Key News Insights: • Analyst upgrades • Institutional sell‑down • Earnings catalyst Analysts turn broadly positive on EDU ahead of its 2026-04-22 earnings report even as Alkeon materially trimmed its stake.

EDUBuy
AlkeonSale
AI

AI Summary

7.0
Positive

EDU has shifted from an enrollment‑led growth story to a cash‑generative, margin‑led investment that now hinges on management sustaining lower CAC/SG&A and reliably converting deferred revenue into higher‑margin K–12/device/AI monetization — if cost discipline and FCF-fuelled buybacks persist upside is credible, but regulatory setbacks or a rebound in marketing intensity would quickly reprice the thesis.

CashReturn
RegulatoryRisk
Margins
AI summary updated today

Description

New Oriental Education & Technology Group is a Beijing-based provider of private educational services in China, offering K-12 tutoring, test preparation for domestic and international entrance and language exams, and language training across multiple foreign languages. The company also runs online learning programs, a full-time private primary and secondary school, develops instructional materials, and provides overseas study consulting and tour services; as of May 31, 2021 it operated through a network of schools, learning centers, bookstores and online platforms.

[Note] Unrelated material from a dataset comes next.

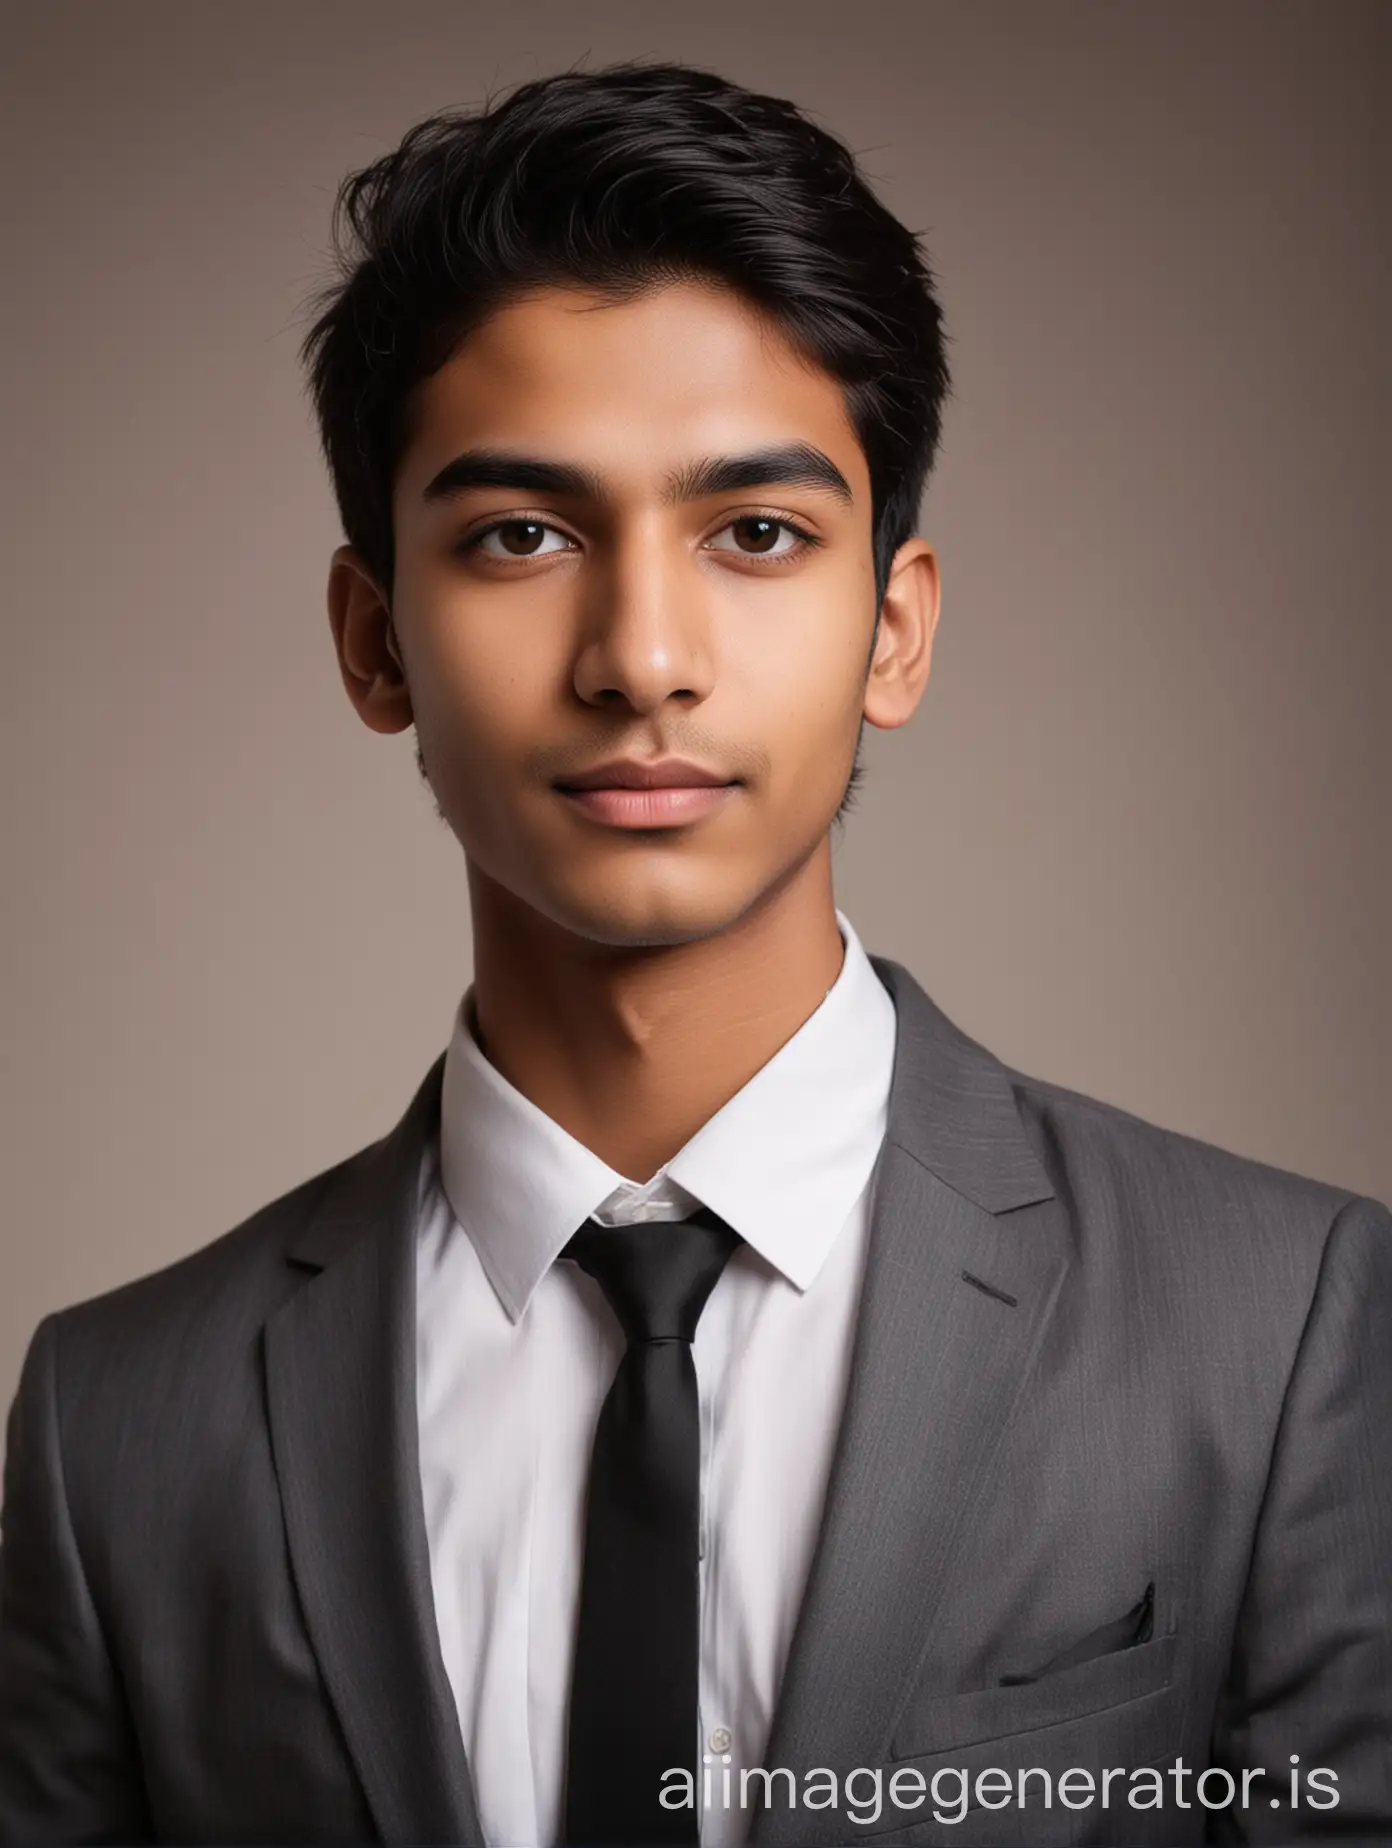 20 year old indian boy With fair skin narrow body Posing for a linkedin picture in formalsformed light in background with minimal facial hairs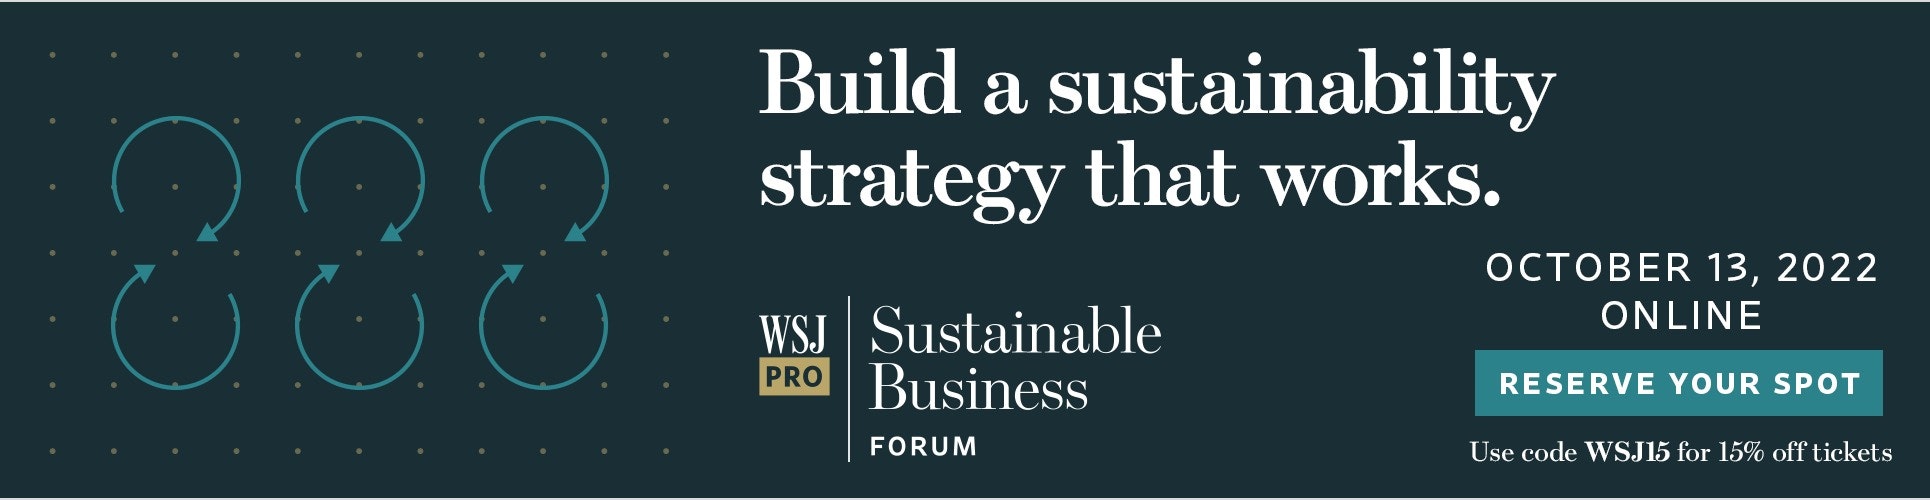 Cover image of WSJ Pro Sustainable Business Forum

Founded in 1993, New Oriental serves a broad student base through both in-person and digital channels.

Idea History

DateCloseTickerCompanySummaryStatusP/L
Feb 3Feb 10EDUNew Oriental Education & Technology Group Inc.
New Oriental Education (EDU) combines robust revenue growth, margin expansion, new AI-powered learning platforms, strong cash flow, share repurchases, and a solid technical rally with 13% price gains, providing a strong near-term growth case.
Closed-4.1%
Research content for educational purposes only. Not investment advice. All decisions are your responsibility.